■ **EXERCISE**:
The part below that opens with the line containing "Велосипед Scott Genius 700 Plus Tuned (2017)" and closes with the line containing "Daniel Wandelt - Schauspieler und Sprecher" should be copied exactly, minus any pictures.

■ **DATASET RECORDS**:
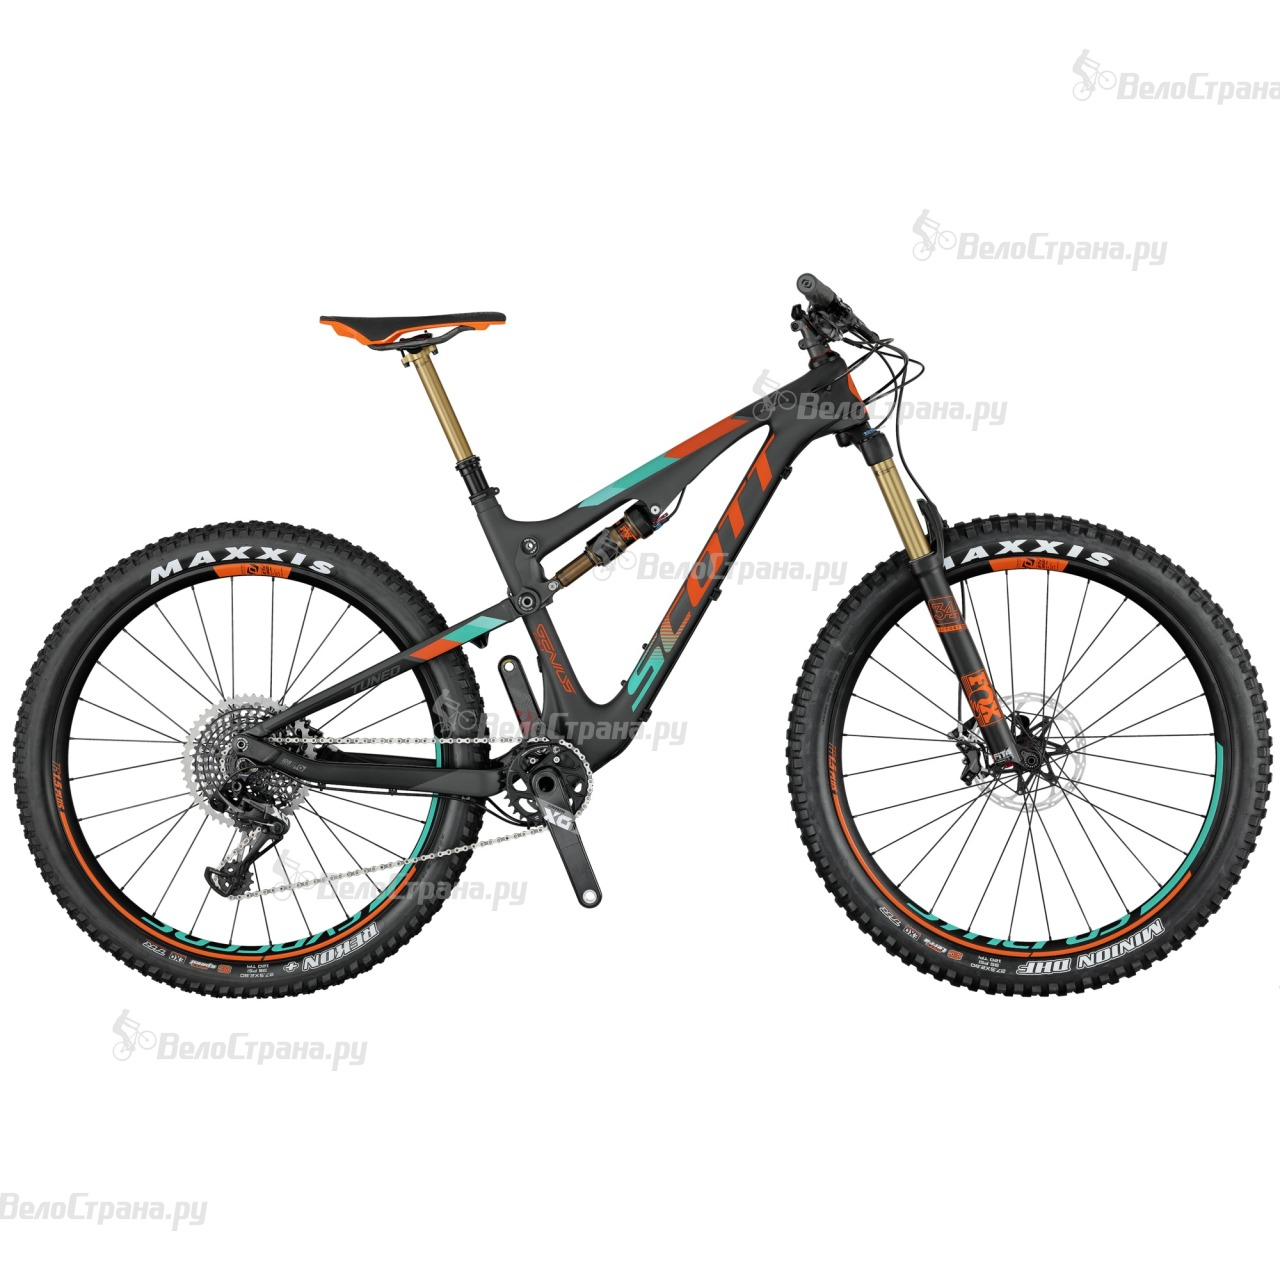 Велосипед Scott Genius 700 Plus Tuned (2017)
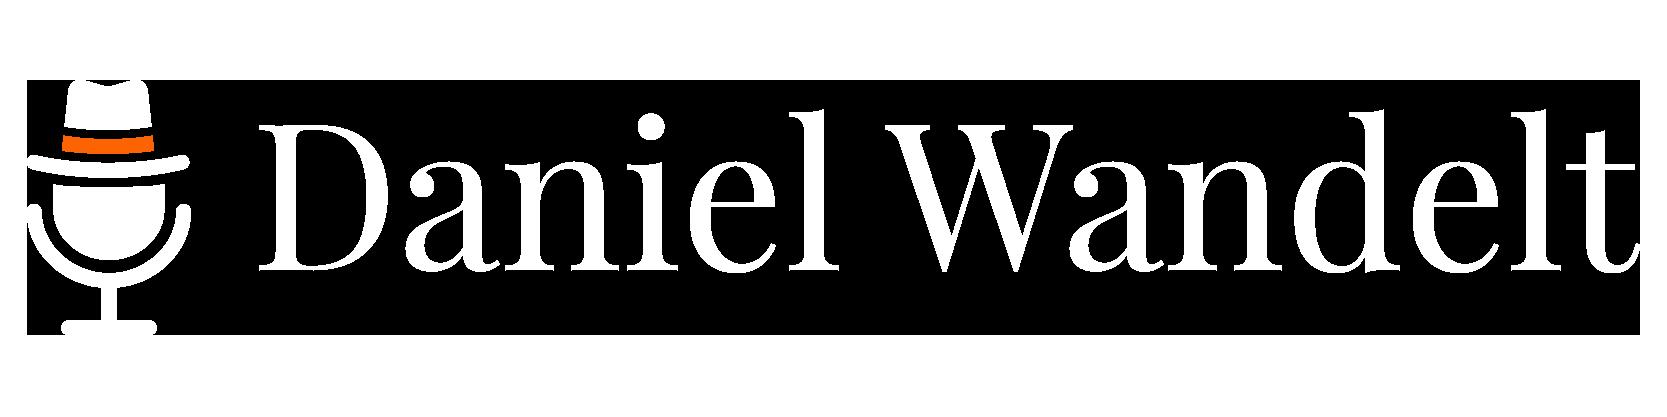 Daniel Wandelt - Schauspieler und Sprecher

==

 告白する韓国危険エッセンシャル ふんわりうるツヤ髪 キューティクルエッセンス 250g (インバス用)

■ **ANSWER TO THIS TASK**:
 Велосипед Scott Genius 700 Plus Tuned (2017)
 Daniel Wandelt - Schauspieler und Sprecher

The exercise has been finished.